Monotonically increasing keys can concentrate writes on the right-most leaf page.

Fillfactor and Free Space Strategy

Many engines allow reserving free space inside index pages. Lower fillfactor means:

  • More space for future inserts.
  • Fewer page splits.
  • More total pages (larger index).
-- Postgres example
ALTER INDEX idx_orders_user SET (fillfactor = 80);
REINDEX INDEX idx_orders_user;

Tradeoff: larger index vs fewer split operations.

Range Scans and Locality

B-Trees shine at range queries because leaf pages are ordered and linked.

SELECT *
FROM orders
WHERE created_at >= '2026-01-01'
  AND created_at < '2026-02-01'
ORDER BY created_at;

If the index matches the ORDER BY, the engine can walk leaf pages sequentially, which is cache-friendly and disk-friendly.

Random vs Sequential IO Reality

An index lookup is efficient only if:

  • The index fits in memory, or
  • The working set has locality.

If the index is large and lookups are random, each row may cause a separate table page read.
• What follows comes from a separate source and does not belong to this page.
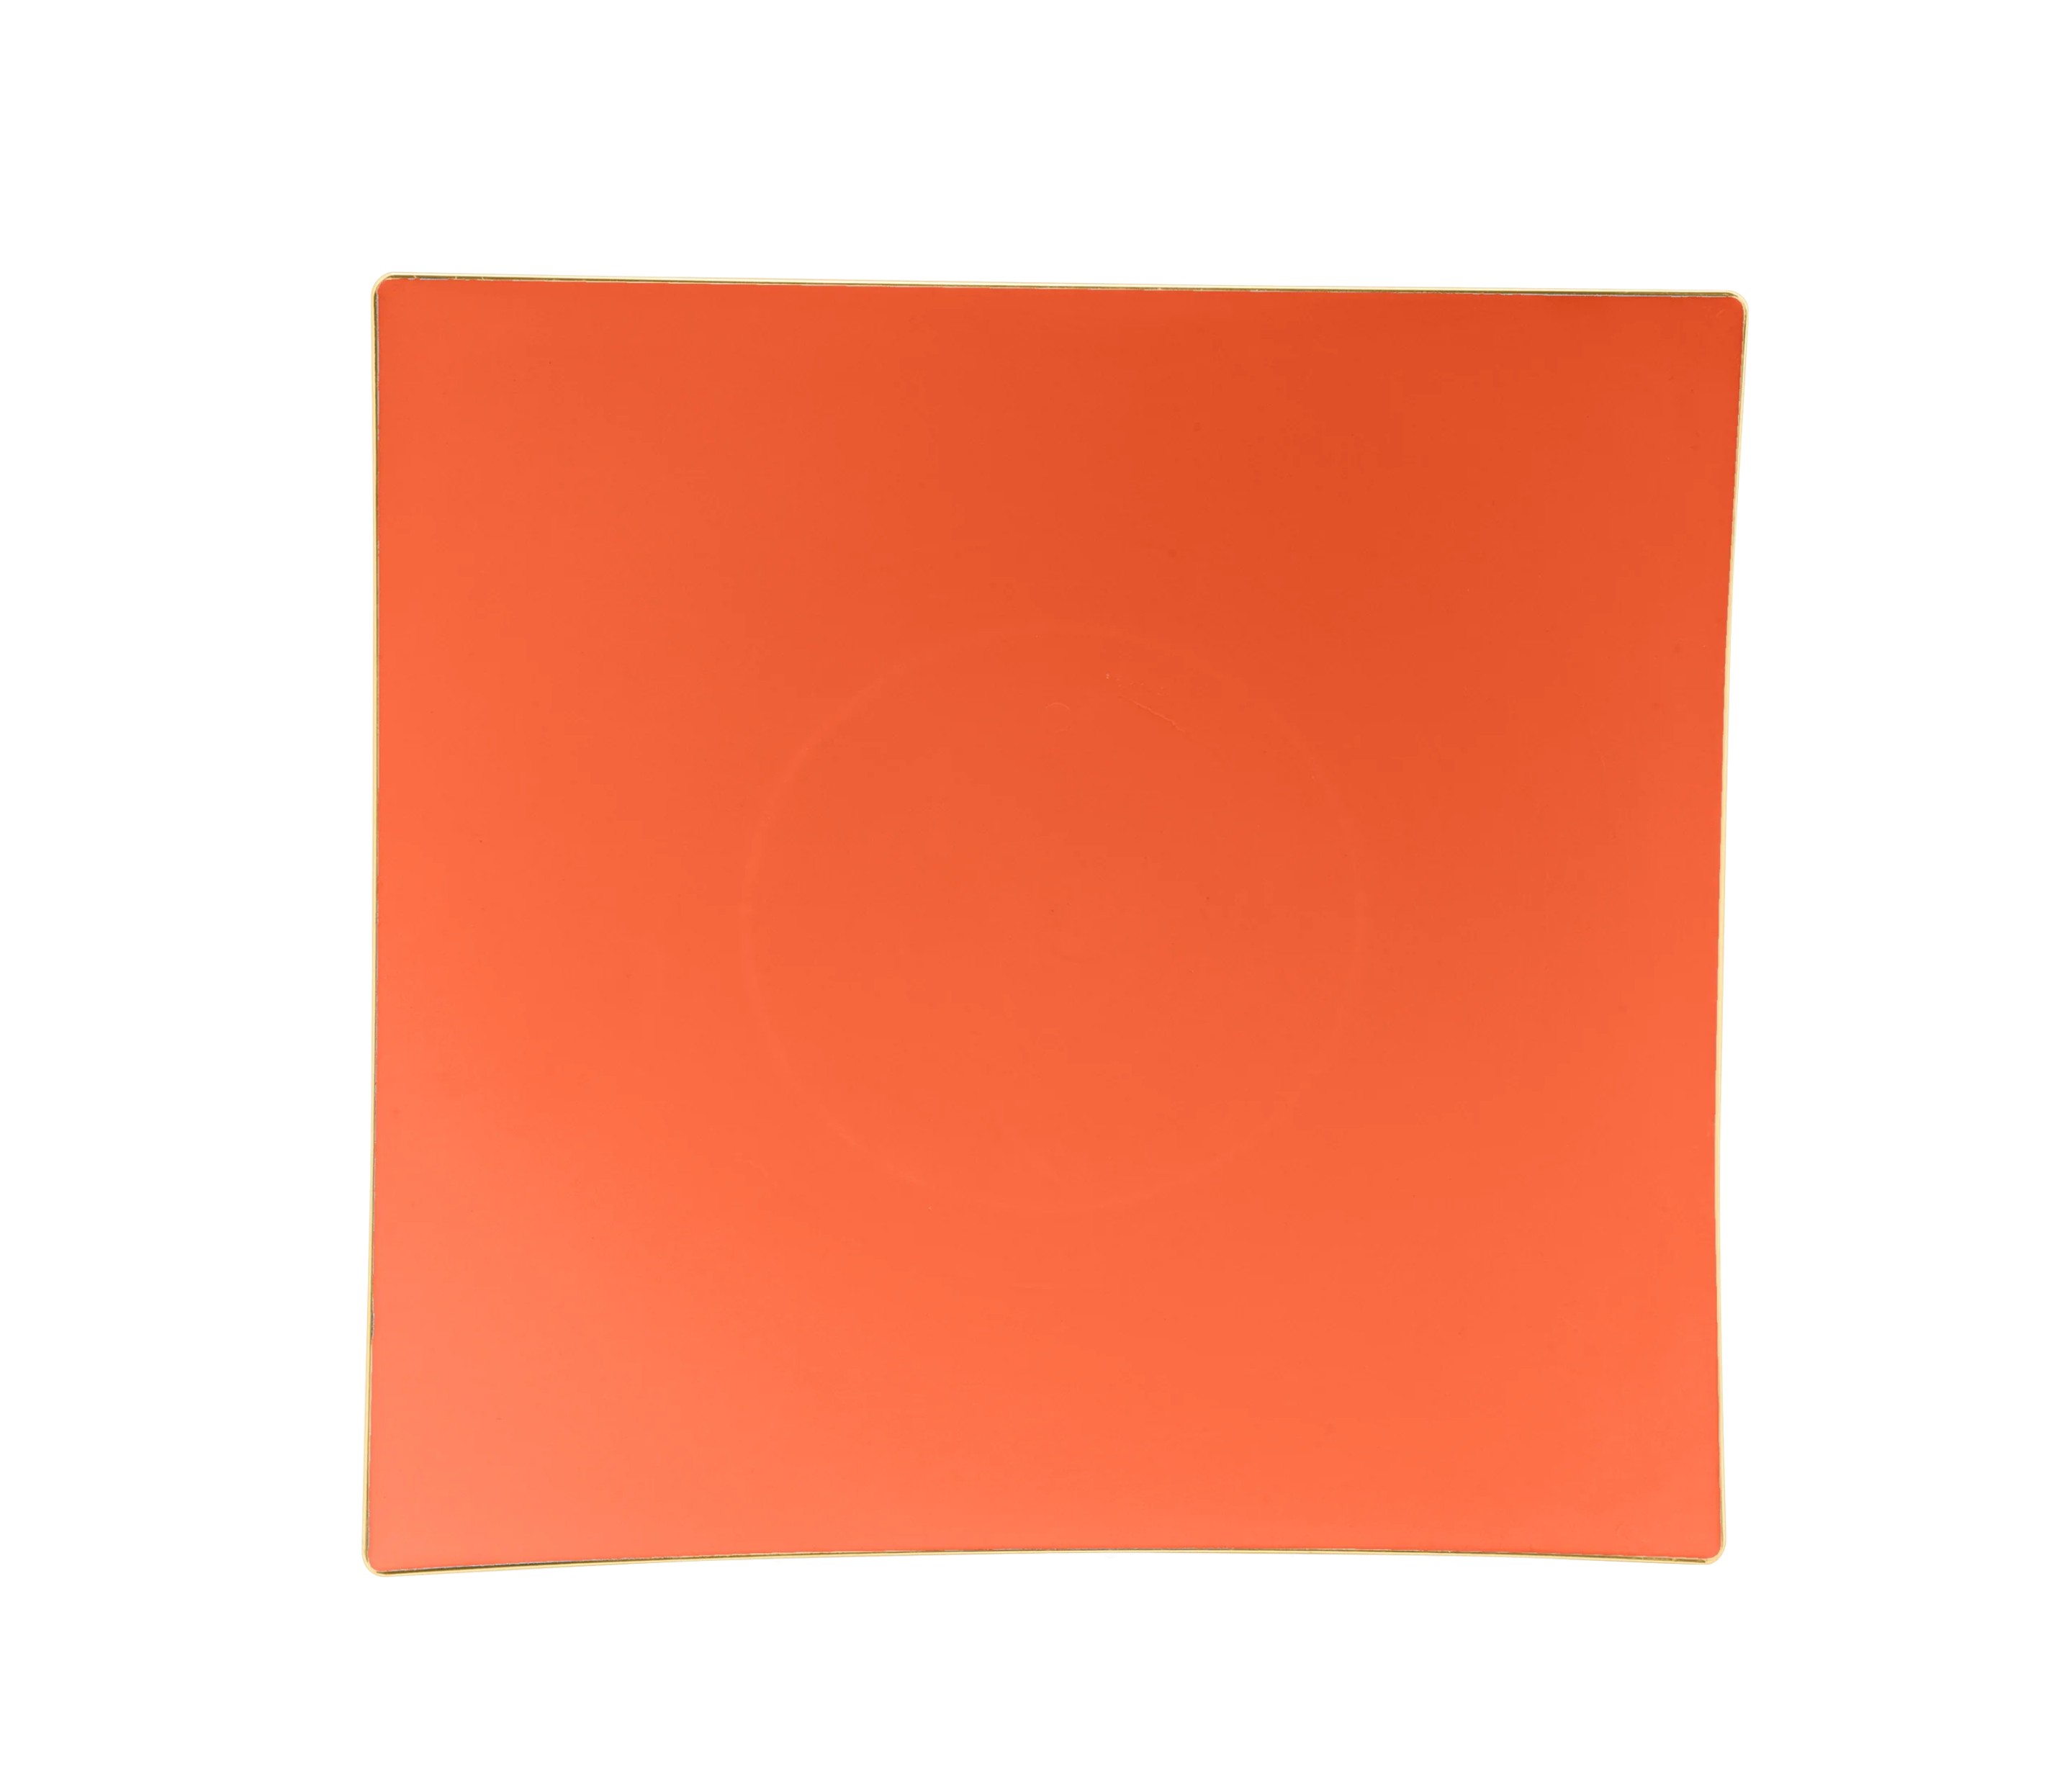 Luxe Party Orange Gold Rim Square Appetizer Plates 8" - 10 pcs
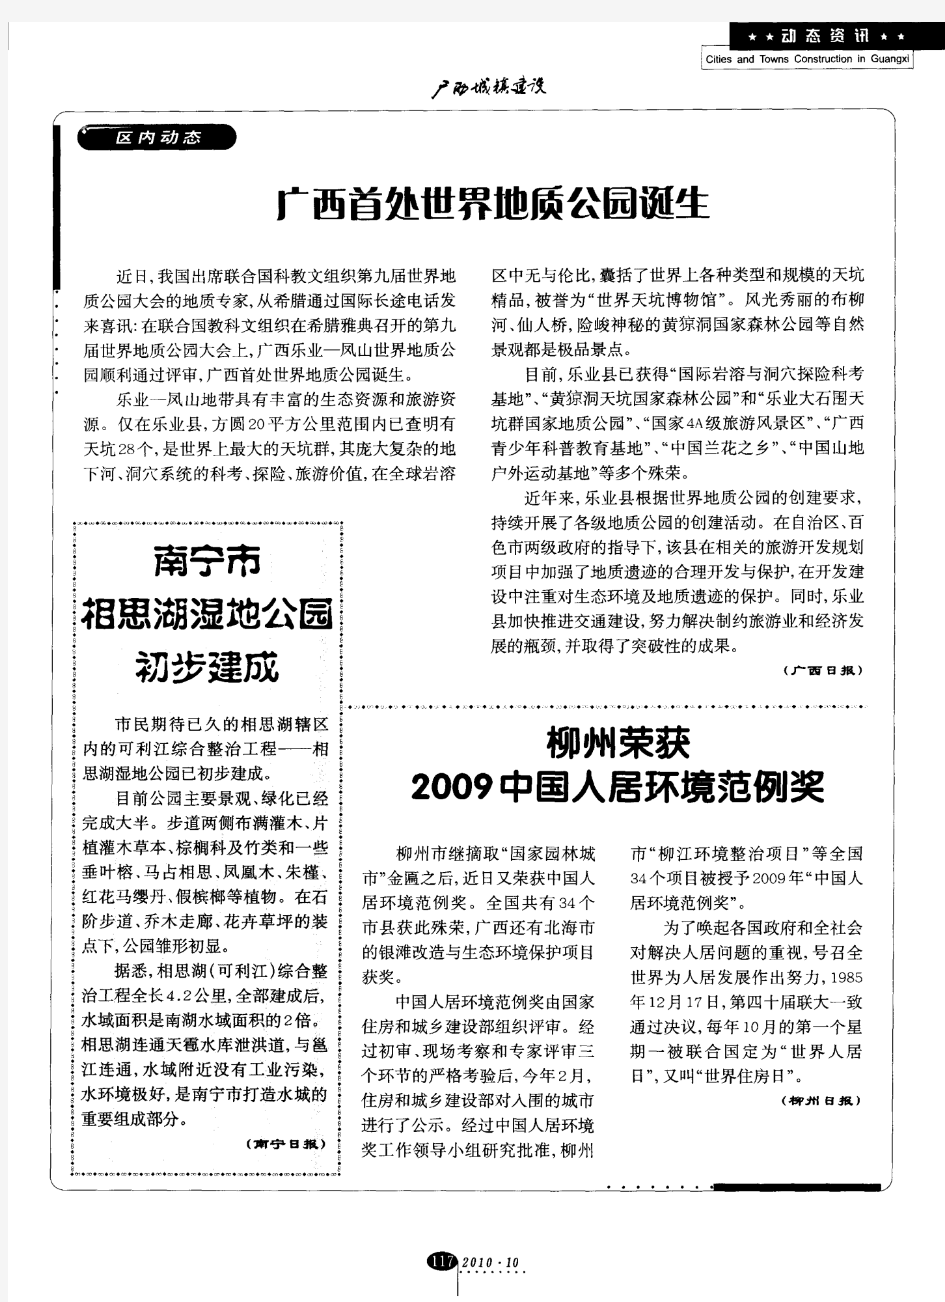 柳州荣获2009中国人居环境范例奖

That is when an index can degrade performance compared to a sequential scan.

Composite Indexes and Leftmost Prefix

In composite indexes, order matters.

CREATE INDEX idx_orders_user_date
ON orders (user_id, created_at);

This index supports:

  • WHERE user_id = ?
  • WHERE user_id = ? AND created_at > ?

It does NOT efficiently support:

  • WHERE created_at = ? (without user_id)

Index-Only Scans

If all required columns are in the index, the engine may avoid touching the table.

CREATE INDEX idx_orders_cover
ON orders (user_id, created_at)
INCLUDE (total_amount);

This reduces table page reads significantly for read-heavy workloads.

Failure Modes in Production

  • Rightmost page contention: hot insert workloads block on a single leaf page.
  • Excessive page splits: fillfactor too high under heavy insert churn.
  • Index bloat: updates/deletes create dead entries.
  • Random IO storms: index lookups cause scattered table reads.
  • Wrong composite order: index exists but does not serve real queries.
  • Over-indexing: write performance collapses under many indexes.

Operational Checklist

  • Measure index size vs table size; track growth rate.
  • Monitor page splits and write amplification under insert load.
  • Align composite index order with real WHERE + ORDER BY patterns.
  • Avoid indexing low-selectivity columns alone.
  • Evaluate covering indexes for read-heavy endpoints.
  • Review rightmost leaf contention for monotonic keys.
  • Benchmark with production-like data volume.
  • Track p95/p99 latency after index changes.
  • Audit unused indexes periodically.
  • Understand the cost of every index before adding it.

Summary

B-Trees are efficient because they minimize page depth and support ordered traversal. But every index is a write cost multiplier. In production, index design is not about “making queries fast.” It is about balancing read amplification, write amplification, and locality under real workload patterns.